The Hidden Crisis: Why Men’s Health Needs Smarter Diagnostics

Despite huge advances in public health and attempts to address health inequalities, a persistent and under-recognised problem continues to undermine outcomes for a significant portion of the population: men are still far less likely than women to engage with preventive healthcare, to attend routine screenings, or to seek help from their GP. This is leading to many serious and treatable conditions being diagnosed late, when the options are fewer, the interventions more invasive, and the prognosis poorer.

The reasons behind this lack of engagement are quite well-documented.

Men, particularly those of working age, often cite lack of time, inconvenience, uncertainty around what tests are relevant, and a reluctance to seek help when feeling “well”, or unwell for that matter. Preventive healthcare has not traditionally been framed in a way that addresses men’s reluctance to engage and changes to address this have been slow in coming. Asking men to proactively book time off work, navigate a clinic-based system, and undergo testing for conditions they may not perceive as an immediate threat simply does not reflect the realities of their day-to-day lives and priorities.

This challenge is compounded by the limitations of many existing screening programmes, which, though better than no screening at all, don’t seem to have made the leaps and bounds the rest of the medical world has over the last 10 years in terms of personalisation and improving access. The most common approach remains the blunt tool of age-based screening, in which all men above a certain age are treated the same, regardless of the wide variation in personal risk.

While administratively simple, this is a crude and increasingly inefficient method of population health management. Two men of the same age may have radically different health trajectories based on a combination of genetic and epigenetic factors, biomarker trends, ethnicity, lifestyle, comorbidities, and socioeconomic status. To apply the same screening threshold to both is not only wasteful, in a cash-strapped NHS, but potentially harmful, leading to over-investigation in low-risk individuals, while missing opportunities for early detection in those at higher risk but below the screening age.

This is where newer, more intelligent screening and diagnostic models offer an opportunity to reframe how we approach men’s health. Rather than wait for symptoms or age triggers, we now have the tools to offer screening that is more personalised, more accurate, and significantly more accessible. The expansion of decentralised testing infrastructure, including at-home blood testing, workplace screening, and remote monitoring, means that the initial step in the healthcare journey can now occur without disruption to a patient’s schedule.

The technological opportunity doesn’t end with access.

Artificial intelligence is now playing an essential role in enhancing the value and precision of diagnostics; indeed it is making it increasingly difficult for us to define what is a biomarker or what is a diagnostic. By integrating large volumes of clinical data, ranging from biomarkers to family history and data from wearables, AI risk models can stratify patients with a level of accuracy well beyond traditional population health tools. In cardiovascular disease, for example, machine learning models can now predict risk based on patterns of inflammation, lipid subfractions, glucose variability and more, rather than relying solely on crude cholesterol cut-offs or arbitrary risk scores. In cancer screening, AI models are already improving specificity in prostate cancer detection by modelling PSA kinetics and integrating longitudinal health data, helping to reduce unnecessary anxiety and invasive follow-up in low-risk men, whilst enabling earlier detection in men who would otherwise have been missed due to their age.

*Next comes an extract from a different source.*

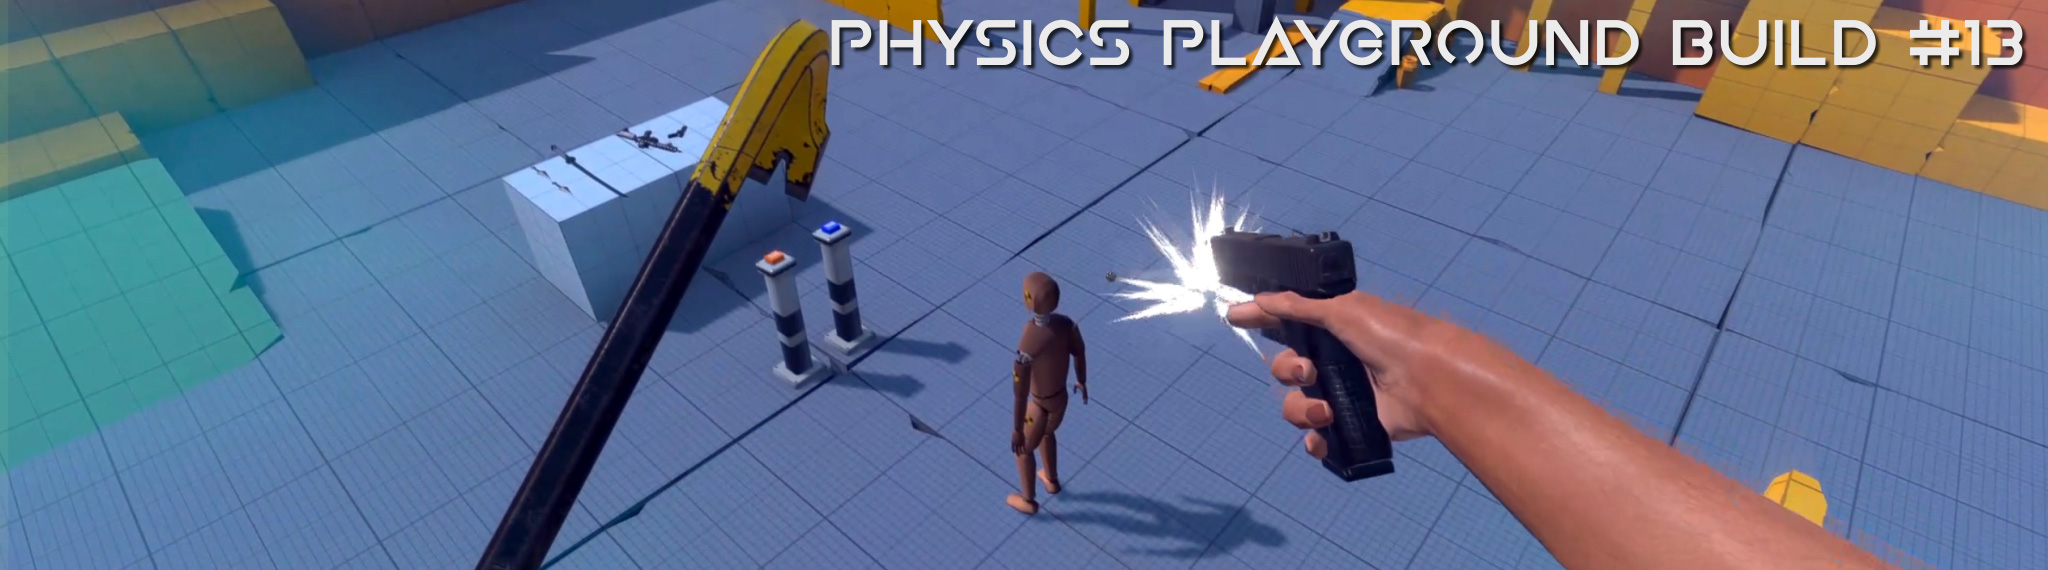 physicus download windows

Perhaps the greatest strength of these technologies lies in their ability to make risk dynamic rather than static. Health risk is not something that can be adequately captured in a single appointment or a single biomarker reading. Instead, risk evolves over time, and so too should the way we screen for disease. By allowing patients to test at regular intervals in the community and by analysing change over time, we can identify disease earlier and intervene with more confidence. This is particularly valuable in male patients, who may otherwise go many years between appointments.

It is worth emphasising that more targeted, intelligent diagnostics are not simply about improving outcomes. They also improve efficiency. By screening according to real risk rather than age-based assumptions, we can reduce unnecessary testing, concentrate resources on higher-risk individuals, and reduce healthcare costs. At a system level, this is essential as we seek to scale preventive care while managing constrained budgets. At a patient level, it means more relevant care, better outcomes, and higher trust in the healthcare system.

The inequality in men’s health is not a failure of medicine; it is a failure of delivery.

Smarter, personalised, and more accessible diagnostics, can help address inequalities in healthcare outcomes for men, and the population as a whole.